=== The data ===

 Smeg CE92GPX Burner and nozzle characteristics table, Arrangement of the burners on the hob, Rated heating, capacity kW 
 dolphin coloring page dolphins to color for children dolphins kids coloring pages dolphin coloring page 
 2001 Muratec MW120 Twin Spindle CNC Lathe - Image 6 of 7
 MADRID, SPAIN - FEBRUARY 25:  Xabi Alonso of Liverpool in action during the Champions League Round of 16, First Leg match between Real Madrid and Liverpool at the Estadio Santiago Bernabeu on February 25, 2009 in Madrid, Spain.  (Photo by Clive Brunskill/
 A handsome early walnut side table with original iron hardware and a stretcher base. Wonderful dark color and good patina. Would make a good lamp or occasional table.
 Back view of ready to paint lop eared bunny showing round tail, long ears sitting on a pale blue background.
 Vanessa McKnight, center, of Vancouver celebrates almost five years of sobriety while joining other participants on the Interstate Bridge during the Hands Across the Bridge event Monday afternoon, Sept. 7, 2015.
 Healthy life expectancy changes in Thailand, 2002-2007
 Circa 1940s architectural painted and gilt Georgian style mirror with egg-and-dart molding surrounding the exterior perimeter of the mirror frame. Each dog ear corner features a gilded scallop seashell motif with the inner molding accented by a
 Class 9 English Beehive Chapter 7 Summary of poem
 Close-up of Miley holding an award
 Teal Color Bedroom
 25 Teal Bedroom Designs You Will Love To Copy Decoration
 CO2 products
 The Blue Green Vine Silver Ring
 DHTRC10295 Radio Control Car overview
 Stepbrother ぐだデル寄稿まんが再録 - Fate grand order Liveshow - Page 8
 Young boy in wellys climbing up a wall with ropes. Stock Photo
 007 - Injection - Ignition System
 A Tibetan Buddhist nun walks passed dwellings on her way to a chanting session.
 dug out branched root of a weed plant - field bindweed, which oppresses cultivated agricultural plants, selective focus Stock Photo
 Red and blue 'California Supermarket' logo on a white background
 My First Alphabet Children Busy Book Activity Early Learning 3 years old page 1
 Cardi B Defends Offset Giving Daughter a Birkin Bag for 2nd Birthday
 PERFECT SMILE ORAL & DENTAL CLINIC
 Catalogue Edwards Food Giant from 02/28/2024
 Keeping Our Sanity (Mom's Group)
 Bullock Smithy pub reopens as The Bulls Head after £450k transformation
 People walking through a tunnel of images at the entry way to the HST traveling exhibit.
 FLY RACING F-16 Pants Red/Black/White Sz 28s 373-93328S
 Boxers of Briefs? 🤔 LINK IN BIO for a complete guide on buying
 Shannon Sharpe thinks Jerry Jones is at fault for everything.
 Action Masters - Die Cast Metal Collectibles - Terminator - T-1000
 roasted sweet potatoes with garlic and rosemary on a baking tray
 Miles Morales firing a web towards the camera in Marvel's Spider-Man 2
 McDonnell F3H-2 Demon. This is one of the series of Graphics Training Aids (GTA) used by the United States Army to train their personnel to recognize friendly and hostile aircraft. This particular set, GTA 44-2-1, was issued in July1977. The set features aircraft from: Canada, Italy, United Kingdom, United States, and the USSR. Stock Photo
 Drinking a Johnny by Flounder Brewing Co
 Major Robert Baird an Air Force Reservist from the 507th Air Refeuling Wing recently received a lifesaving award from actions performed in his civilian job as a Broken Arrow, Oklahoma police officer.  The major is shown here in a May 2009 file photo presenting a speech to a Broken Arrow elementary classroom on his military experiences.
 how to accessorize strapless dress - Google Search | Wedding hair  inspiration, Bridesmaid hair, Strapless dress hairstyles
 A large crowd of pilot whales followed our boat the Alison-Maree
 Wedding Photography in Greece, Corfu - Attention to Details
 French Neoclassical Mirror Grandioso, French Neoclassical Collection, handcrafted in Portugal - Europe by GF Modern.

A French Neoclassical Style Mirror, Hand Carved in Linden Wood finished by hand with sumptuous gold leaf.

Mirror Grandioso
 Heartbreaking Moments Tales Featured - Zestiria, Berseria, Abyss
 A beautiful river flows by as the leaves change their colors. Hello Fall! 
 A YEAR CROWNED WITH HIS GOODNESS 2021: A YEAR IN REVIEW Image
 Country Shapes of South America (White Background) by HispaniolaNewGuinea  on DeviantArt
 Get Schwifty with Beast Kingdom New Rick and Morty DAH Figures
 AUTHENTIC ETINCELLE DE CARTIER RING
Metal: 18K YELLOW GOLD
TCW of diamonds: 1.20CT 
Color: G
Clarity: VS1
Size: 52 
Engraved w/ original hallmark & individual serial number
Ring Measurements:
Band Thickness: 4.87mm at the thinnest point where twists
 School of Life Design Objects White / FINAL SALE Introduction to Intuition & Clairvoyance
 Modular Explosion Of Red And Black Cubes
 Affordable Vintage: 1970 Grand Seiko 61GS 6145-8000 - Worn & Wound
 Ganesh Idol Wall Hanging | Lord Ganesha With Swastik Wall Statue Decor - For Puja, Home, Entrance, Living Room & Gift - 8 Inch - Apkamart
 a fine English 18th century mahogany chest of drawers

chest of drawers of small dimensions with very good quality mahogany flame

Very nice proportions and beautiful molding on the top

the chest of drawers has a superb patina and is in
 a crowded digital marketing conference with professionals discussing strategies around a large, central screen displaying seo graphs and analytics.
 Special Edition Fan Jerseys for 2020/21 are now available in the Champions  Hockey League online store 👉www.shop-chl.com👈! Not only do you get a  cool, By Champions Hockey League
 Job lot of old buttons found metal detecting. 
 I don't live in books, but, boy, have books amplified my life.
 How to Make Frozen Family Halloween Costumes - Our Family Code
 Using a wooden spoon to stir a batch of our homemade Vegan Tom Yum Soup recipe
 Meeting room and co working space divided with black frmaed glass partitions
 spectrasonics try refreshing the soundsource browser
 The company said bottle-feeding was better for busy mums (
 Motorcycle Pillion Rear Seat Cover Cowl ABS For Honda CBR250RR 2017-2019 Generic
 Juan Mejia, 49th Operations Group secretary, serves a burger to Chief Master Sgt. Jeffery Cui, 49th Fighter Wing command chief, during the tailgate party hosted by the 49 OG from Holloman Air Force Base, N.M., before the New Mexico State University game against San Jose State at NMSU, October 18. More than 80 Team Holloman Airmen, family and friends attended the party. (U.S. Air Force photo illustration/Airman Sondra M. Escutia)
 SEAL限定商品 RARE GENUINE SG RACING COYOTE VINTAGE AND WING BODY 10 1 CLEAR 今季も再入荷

===

Only lines with the string "English" belong in the answer; copy each of them from the listing.

 Class 9 English Beehive Chapter 7 Summary of poem
 a fine English 18th century mahogany chest of drawers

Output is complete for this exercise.